顾秋霖大为感动,连称铁军门想得周到。他至今高烧不退,才走了半城的路便觉周身寒冷,只得进轿,卧在衾中,任马车驰去。
此时铁保和杜云鹤双马并驰,只带了贴身侍卫罗舒和十余名随从。铁保为何要带上杜云鹤?杜云鹤是山东巡警道司道,明查州府治安秋毫。铁保是个心思缜密之人,他料到一场洪水到来,绝不只是人与水患的博弈,这时间山东地界不平安,民间还有一股逆流涌动,他担心两股祸水合流,局面将不可控。若无异端,杜云鹤可安抚灾民秩序,若逆流为黄河水患推波助澜,杜云鹤便是镇水之闸!
他们流星快马直插泛区,再逆流而上。
才到范县边沿,就见一片黄水兜头压来,纵望无涯,横看接天,碎浪挟裹着漩涡如万马奔腾!波浪推着床榻、桌椅、门板以及锅瓢、风箱、柴草、粮袋等滚滚向前。伏尸如鱼,淹死的家畜随波逐流。

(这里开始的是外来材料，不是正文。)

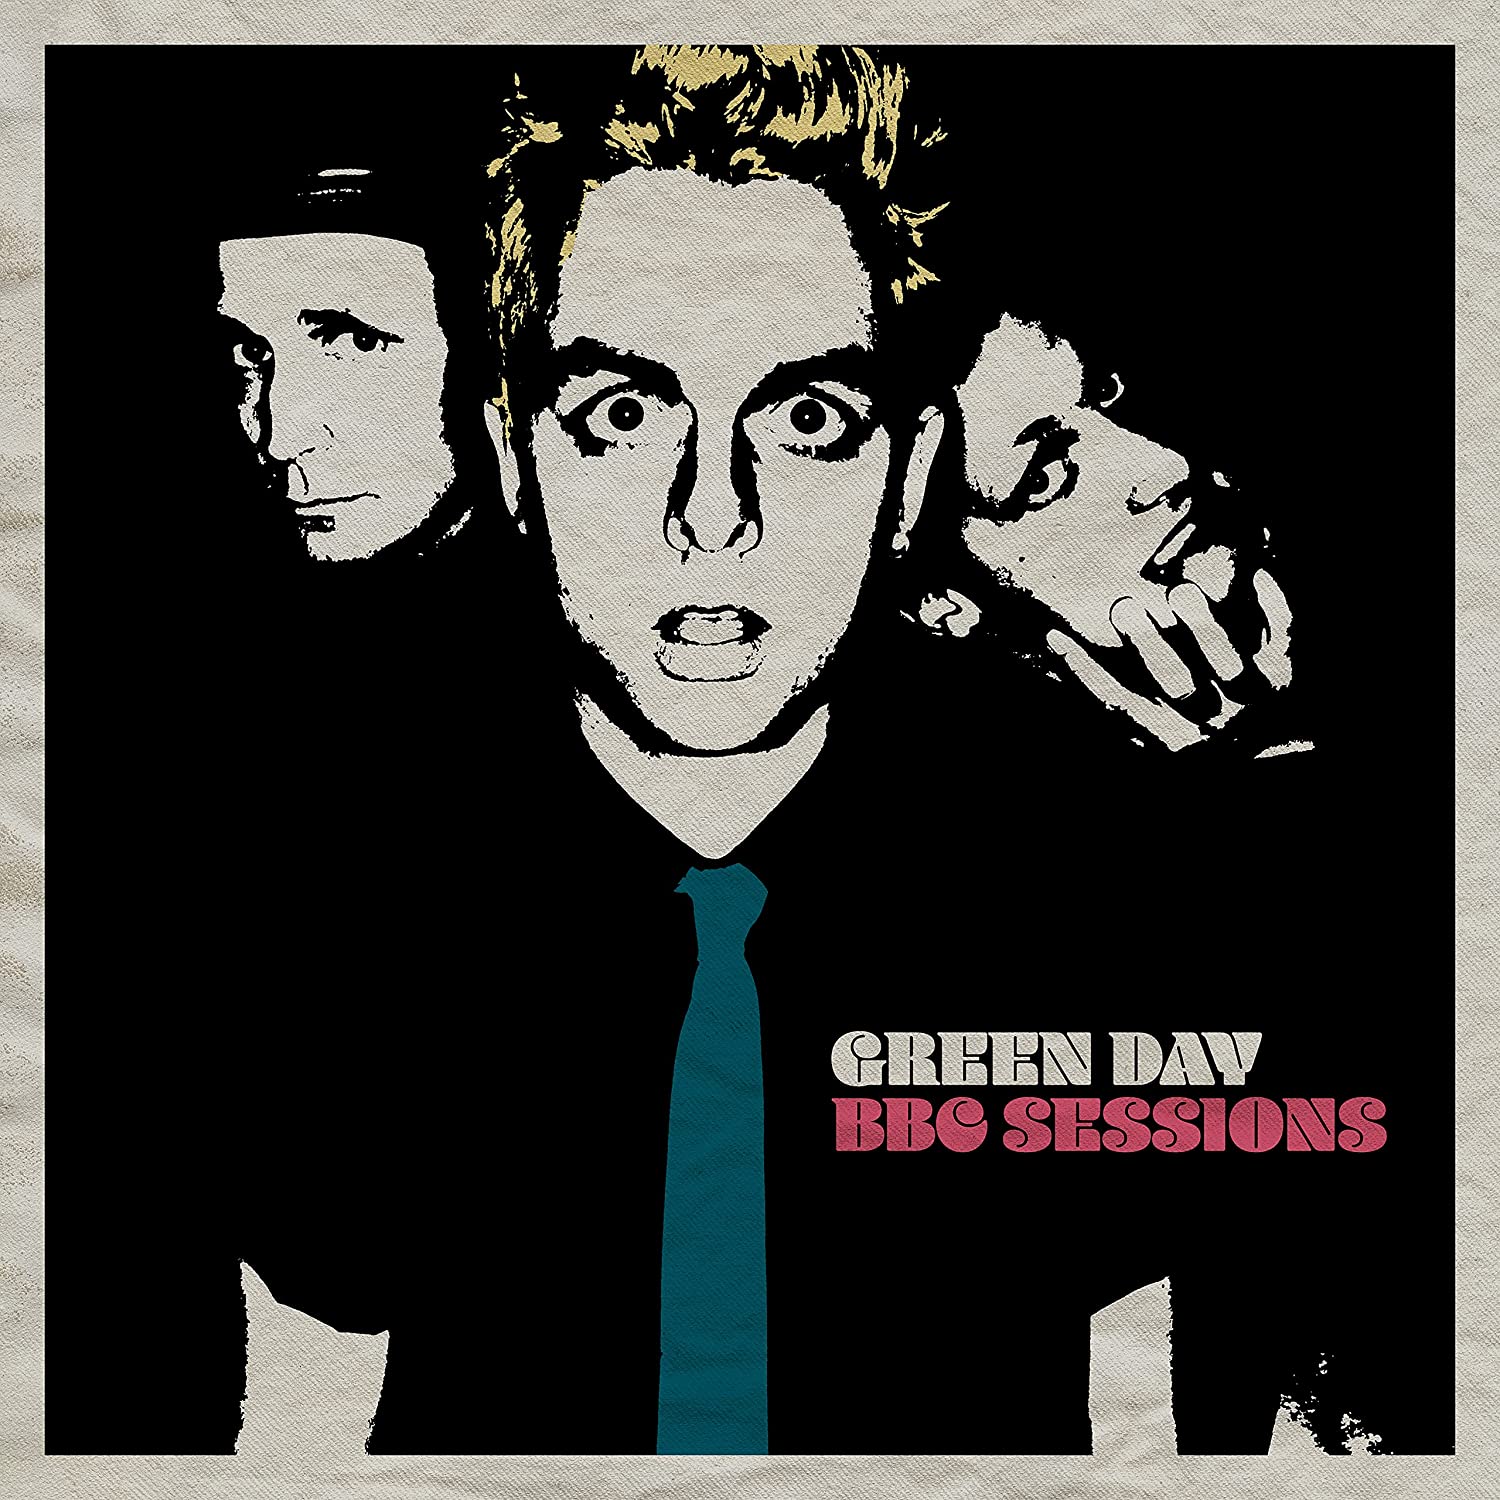 Copertina Vinile 33 giri BBC Sessions di Green Day

铁保勒住马缰,向着黄涛凭吊,一时间无数哀痛涌上心头,心里的话如同这浊浪拍胸裂肺,怎奈,一句也说不出来。生灵沉沦,匹夫愧莫驰救!他在马上俯首志哀,然后一拍马脖子,马悟到了主人的心情,扬起四蹄奔驰而去。杜云鹤及一队骠骑风一样追逐铁保,他们星夜兼程,要赶赴决口处。
衡家楼浊浪排空。铁保和杜云鹤两天便驱驰到了这里,决口已不可收拾。铁保带着杜云鹤在一个土丘上与嵇承志会合,这里离决口二里,已见黄水逼人,那河如天河倒悬,从上而下,所到之处摧房裂瓯,大树拔起,没有拔起的树木,冠如浮萍在黄水中飘摇。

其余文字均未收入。